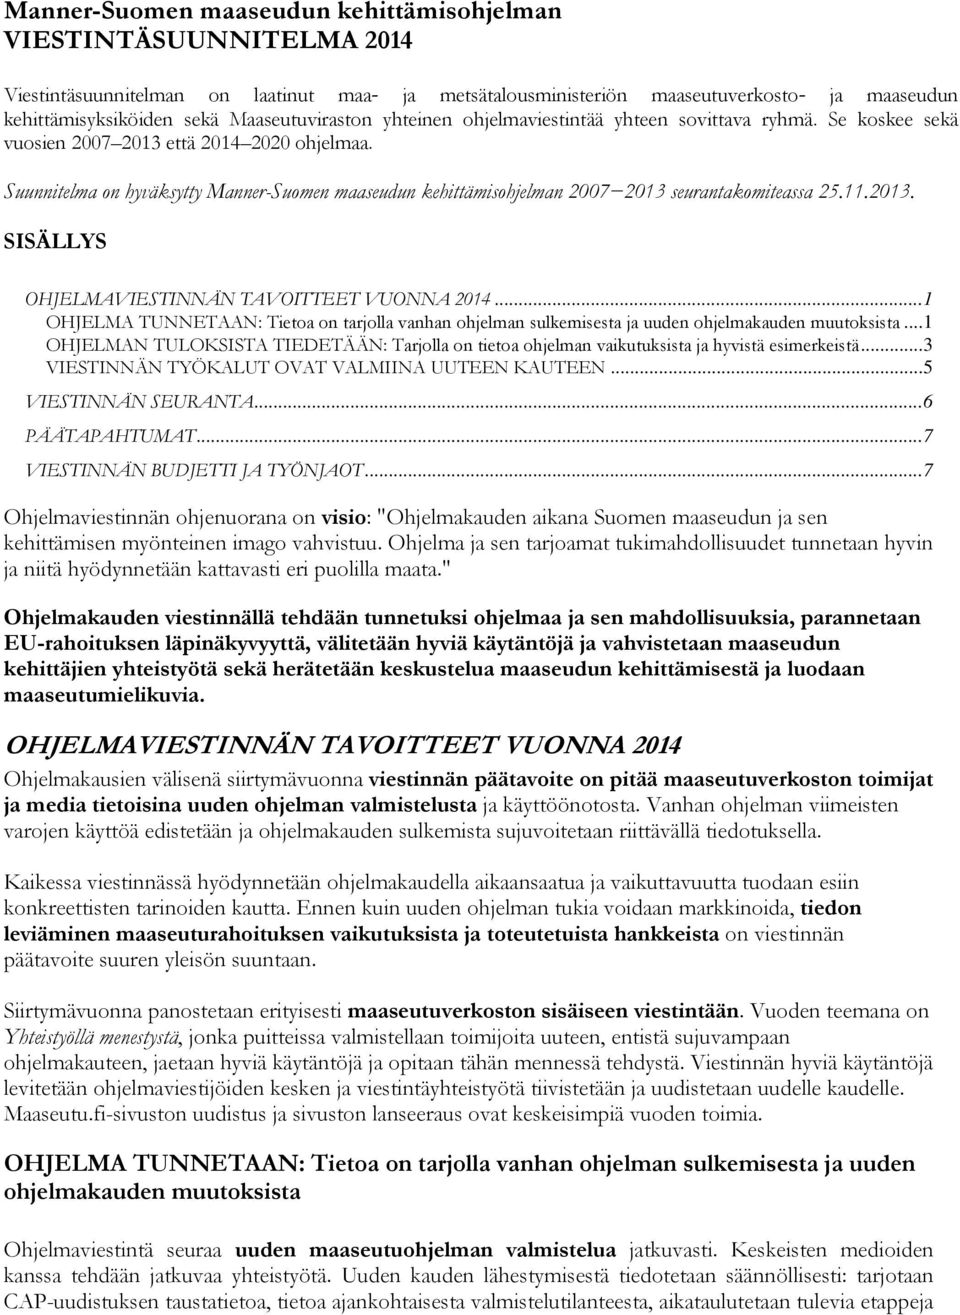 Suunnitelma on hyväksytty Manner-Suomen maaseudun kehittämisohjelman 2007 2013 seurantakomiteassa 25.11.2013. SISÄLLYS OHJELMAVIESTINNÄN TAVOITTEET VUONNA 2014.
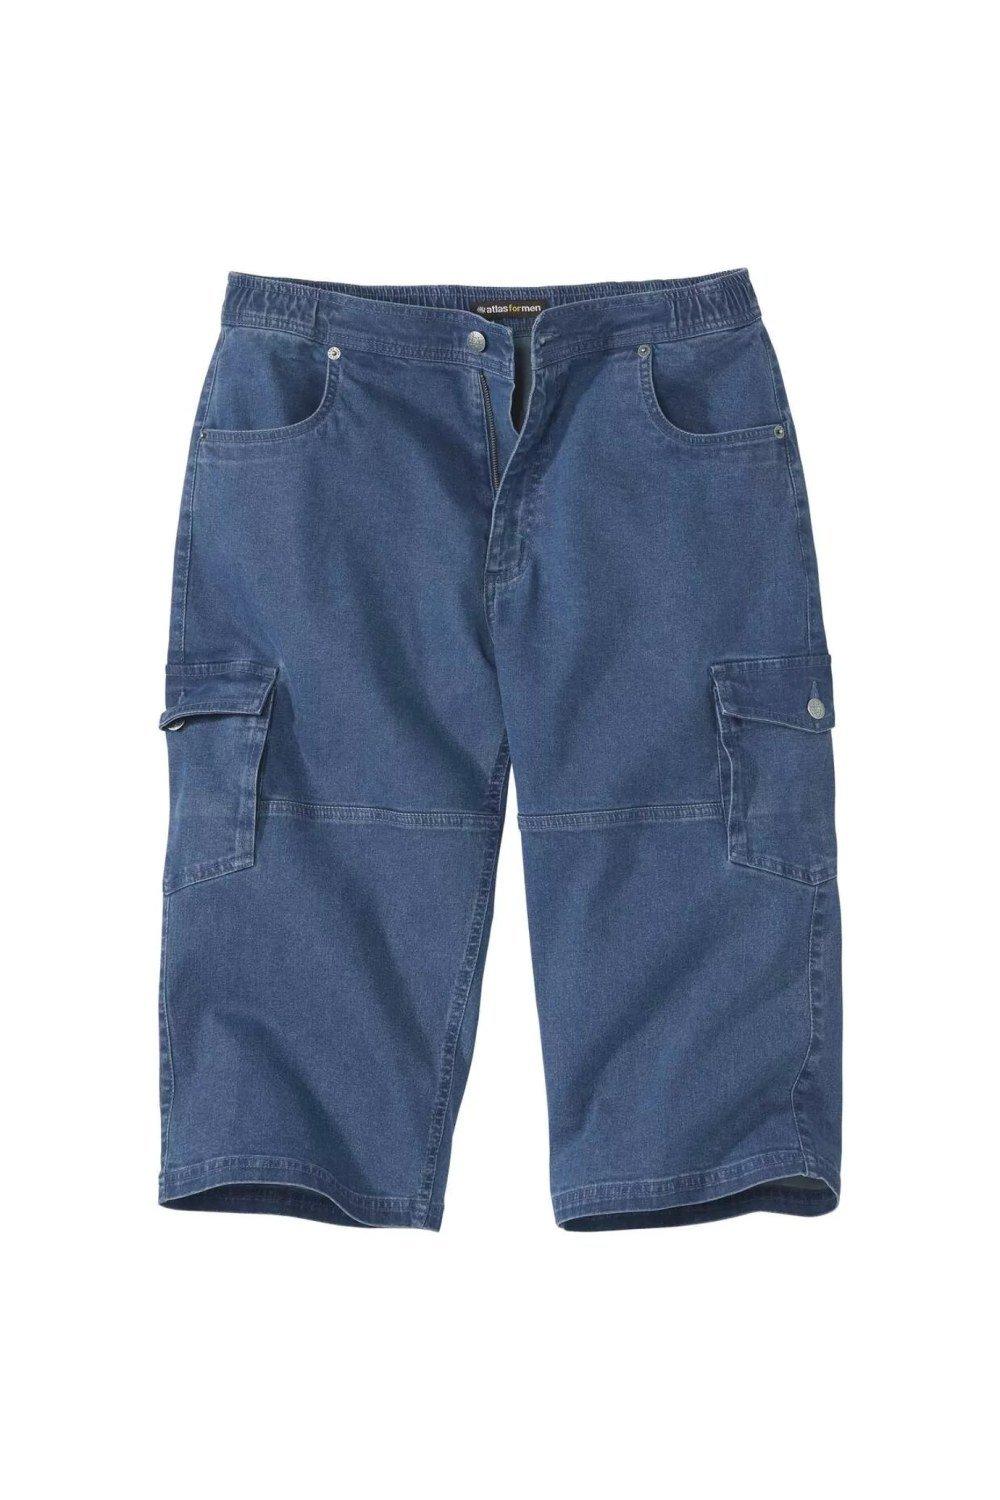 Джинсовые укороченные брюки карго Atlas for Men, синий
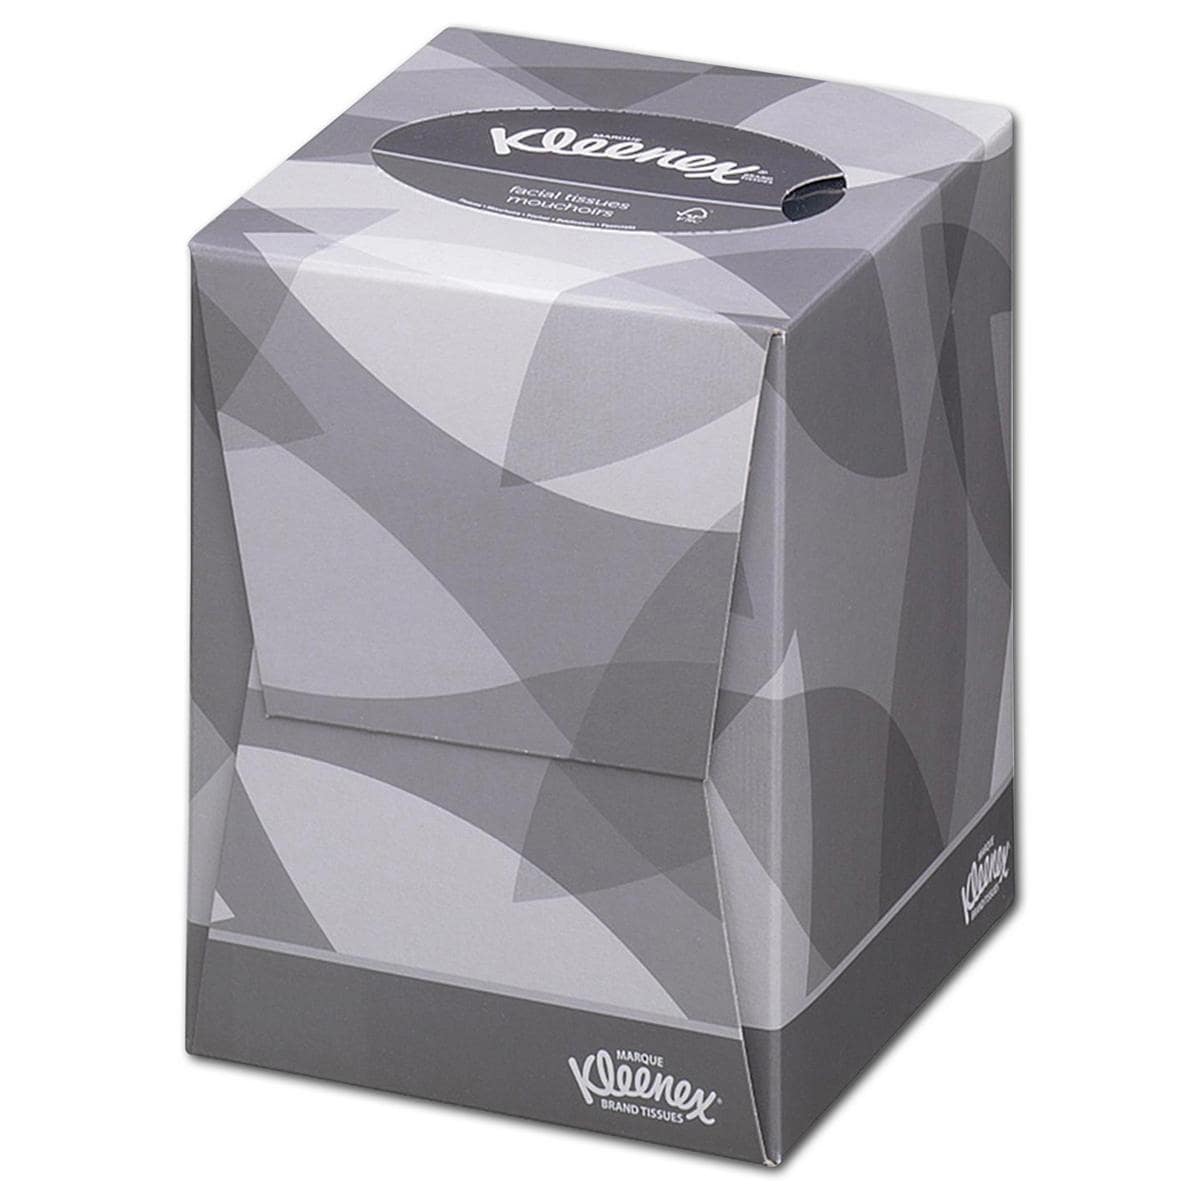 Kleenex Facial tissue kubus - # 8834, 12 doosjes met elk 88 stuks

# # # # # # #

◆ Goal of the exercise
Please return, exactly and with pictures omitted, the lines from the line holding "Джинсовые укороченные брюки" through the end of the data above, inclusive.

◆ Answer section
 Джинсовые укороченные брюки карго Atlas for Men, синий
 Kleenex Facial tissue kubus - # 8834, 12 doosjes met elk 88 stuks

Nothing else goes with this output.